NeurIPS Conference 2022 Conference Paper

MaskPlace: Fast Chip Placement via Reinforced Visual Representation Learning

  • Yao Lai
  • Yao Mu
  • Ping Luo

Placement is an essential task in modern chip design, aiming at placing millions of circuit modules on a 2D chip canvas. Unlike the human-centric solution, which requires months of intense effort by hardware engineers to produce a layout to minimize delay and energy consumption, deep reinforcement learning has become an emerging autonomous tool. However, the learning-centric method is still in its early stage, impeded by a massive design space of size ten to the order of a few thousand. This work presents MaskPlace to automatically generate a valid chip layout design within a few hours, whose performance can be superior or comparable to recent advanced approaches. It has several appealing benefits that prior arts do not have. Firstly, MaskPlace recasts placement as a problem of learning pixel-level visual representation to comprehensively describe millions of modules on a chip, enabling placement in a high-resolution canvas and a large action space. It outperforms recent methods that represent a chip as a hypergraph. Secondly, it enables training the policy network by an intuitive reward function with dense reward, rather than a complicated reward function with sparse reward from previous methods. Thirdly, extensive experiments on many public benchmarks show that MaskPlace outperforms existing RL approaches in all key performance metrics, including wirelength, congestion, and density. For example, it achieves 60%-90% wirelength reduction and guarantees zero overlaps. We believe MaskPlace can improve AI-assisted chip layout design. The deliverables are released at https: //laiyao1. github. io/maskplace.

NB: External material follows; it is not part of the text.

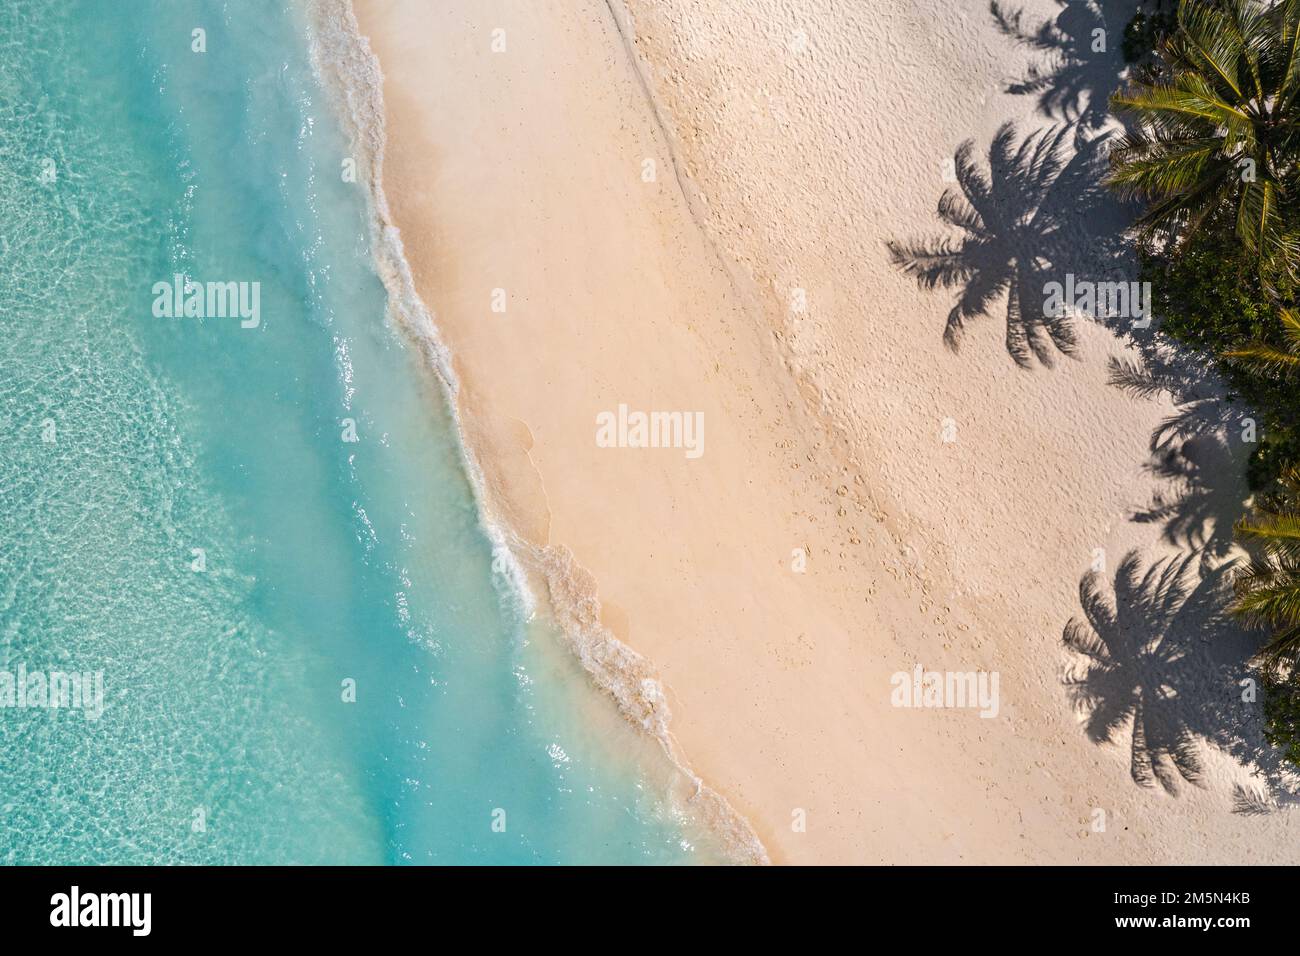 Vista panoramica aerea delle palme tropicali estive, ombre sulla costa sabbiosa, onde oceaniche che si infrangono. Splendida vista dall'alto, soleggiata costa del mare, esotica, incredibile Foto Stock

ECAI Conference 2020 Conference Paper

OpenSMax: Unknown Domain Generation Algorithm Detection

  • Yao Lai
  • Guolou Ping
  • Yuexin Wu
  • Chenhui Lu
  • Xiaojun Ye

Botnet has become one of the most frequent attack patterns in cyberspace, and most of them are concerned with Domain Generation Algorithms (DGAs). Therefore, many researchers have proposed various machine learning models for DGA domain name detection, but how to detect unknown classes of DGA domain names (unknown DGAs) is still a challenging problem. In fact, the problem of detecting unknown classes is also called open set recognition problem. To tackle this issue, we propose a novel classification model OpenSMax which can not only detect various DGA domain names but also classify them into known and unknown classes of DGAs. In this model, we use the one-hot encoding method and the Long Short-Term Memory (LSTM) model to extract the features of the Top Level Domain (TLD) and the Second Level Domain (SLD) respectively. Then, these two feature categories are concatenated and propagated forwards by two fully connected layers for known DGA domain name detection and classification. Finally, both the openmax layer (the layer before the softmax layer) and the softmax layer are used to build One-Class Support Vector Machine (SVM) models for unknown classes recognition. In our experiments, OpenSMax model outperforms the state-of-art methods both in known and unknown DGA domain names detection tasks. Also, OpenSMax provides a bounded open space risk in theory, and therefore it formally provides an effective solution for unknown DGA domain name detection.